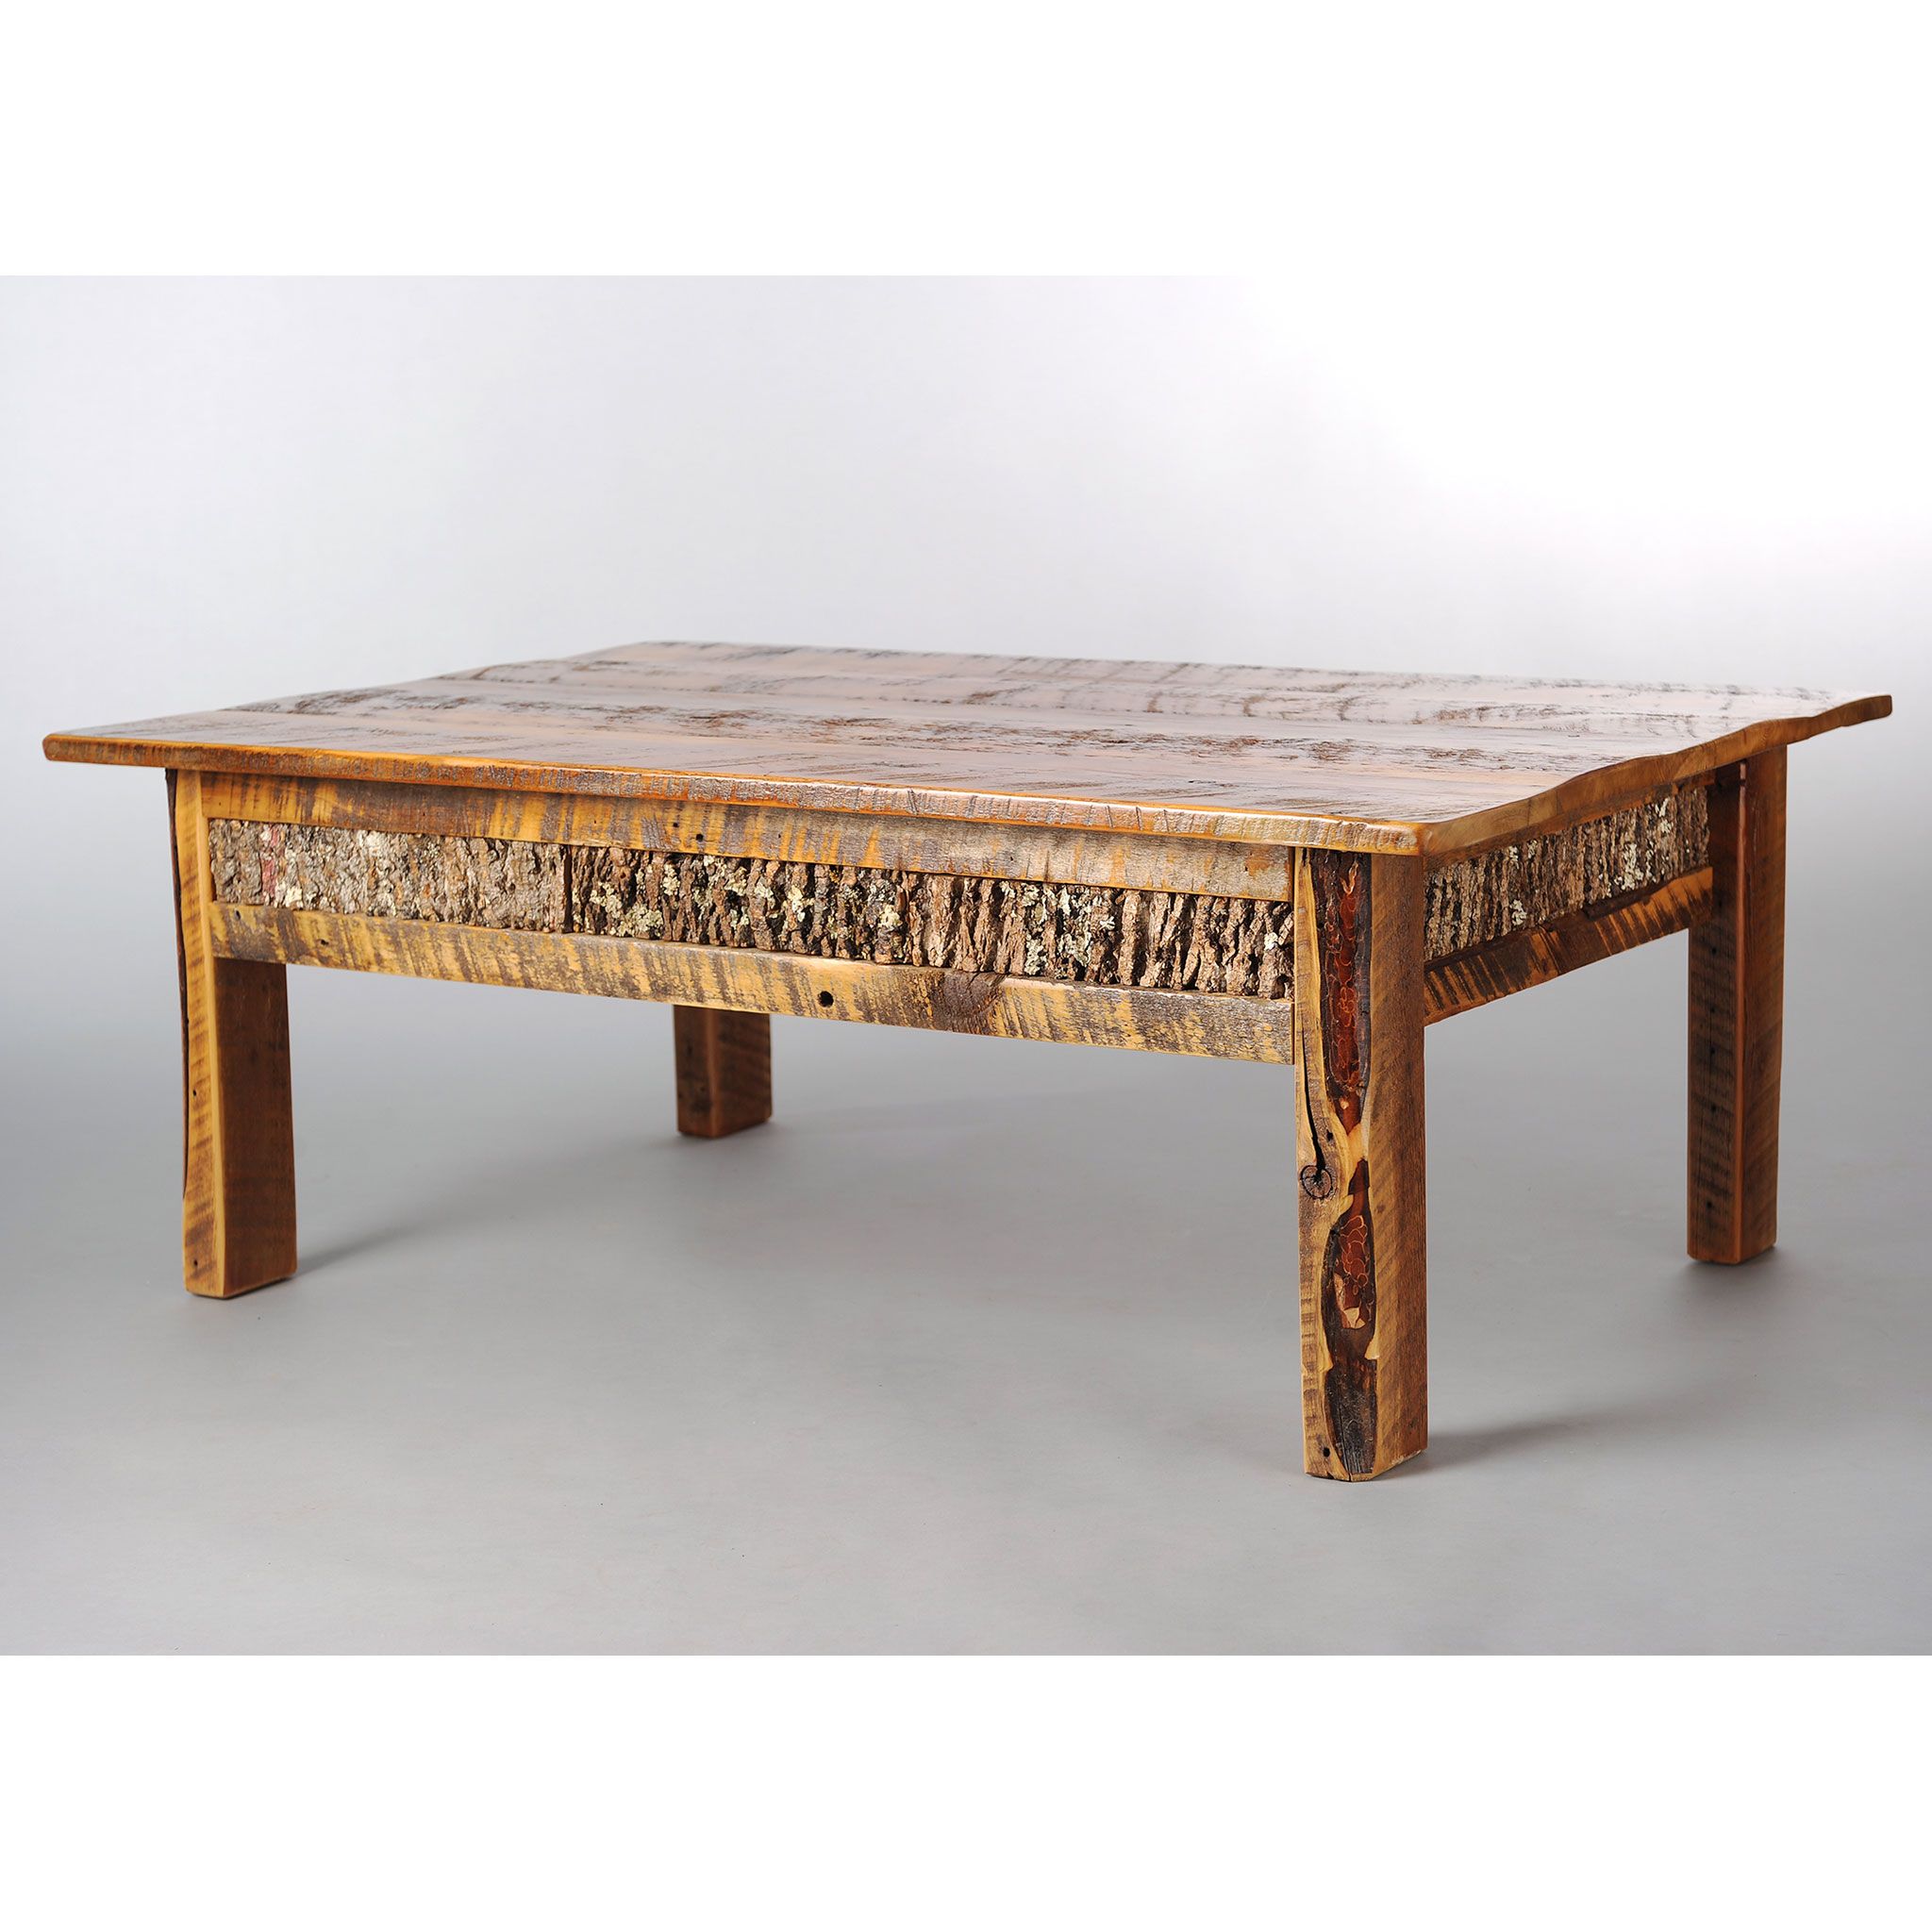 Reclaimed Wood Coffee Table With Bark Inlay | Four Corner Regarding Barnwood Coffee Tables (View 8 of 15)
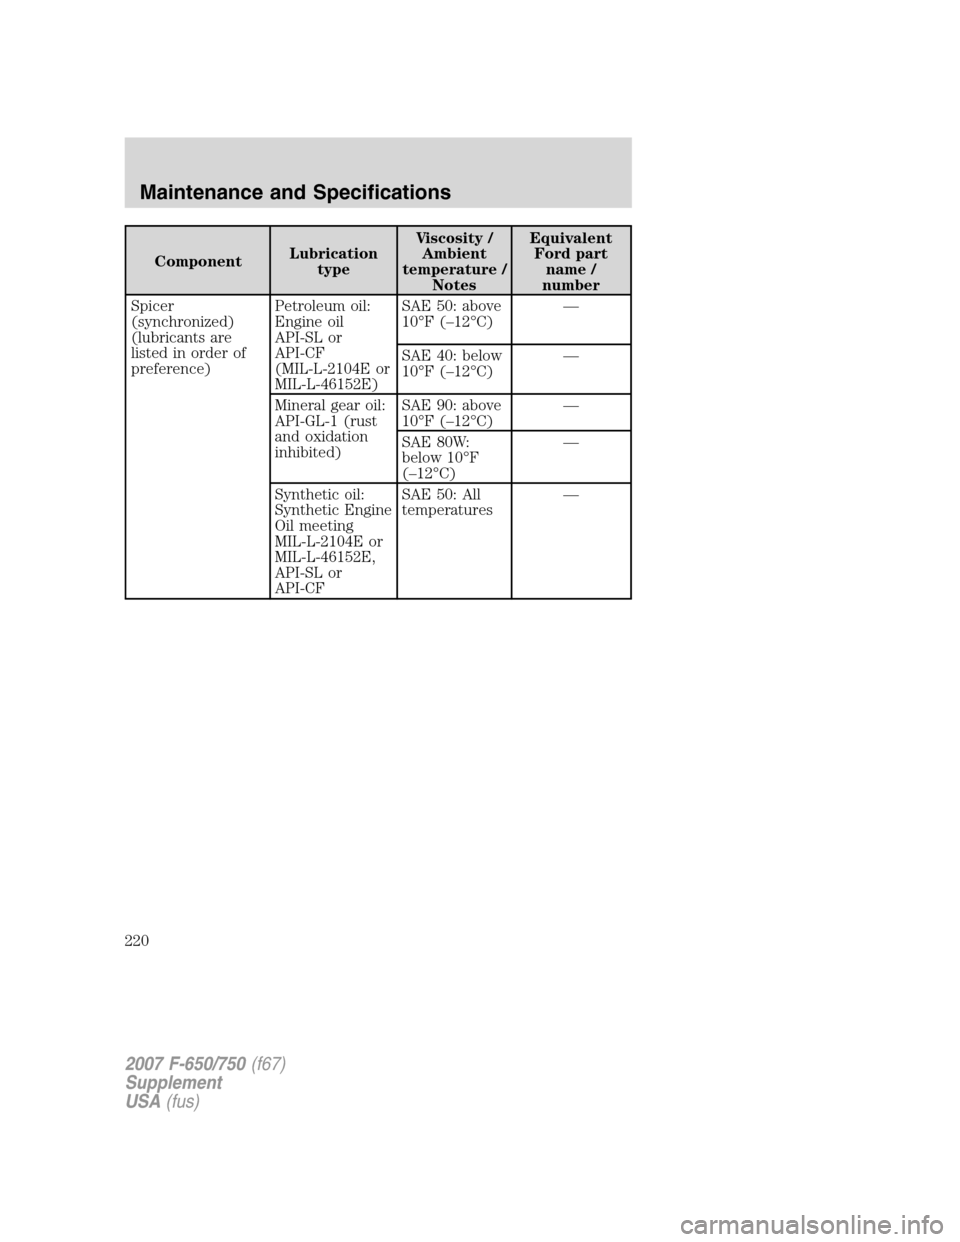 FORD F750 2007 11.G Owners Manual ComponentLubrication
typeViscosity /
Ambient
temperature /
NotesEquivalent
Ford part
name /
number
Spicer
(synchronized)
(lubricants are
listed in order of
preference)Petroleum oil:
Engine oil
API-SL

------------------------------------------------

Take the line that contains "listed in order of" and every line after it through the end of the listing above, and repeat them exactly.

listed in order of
preference)Petroleum oil:
Engine oil
API-SL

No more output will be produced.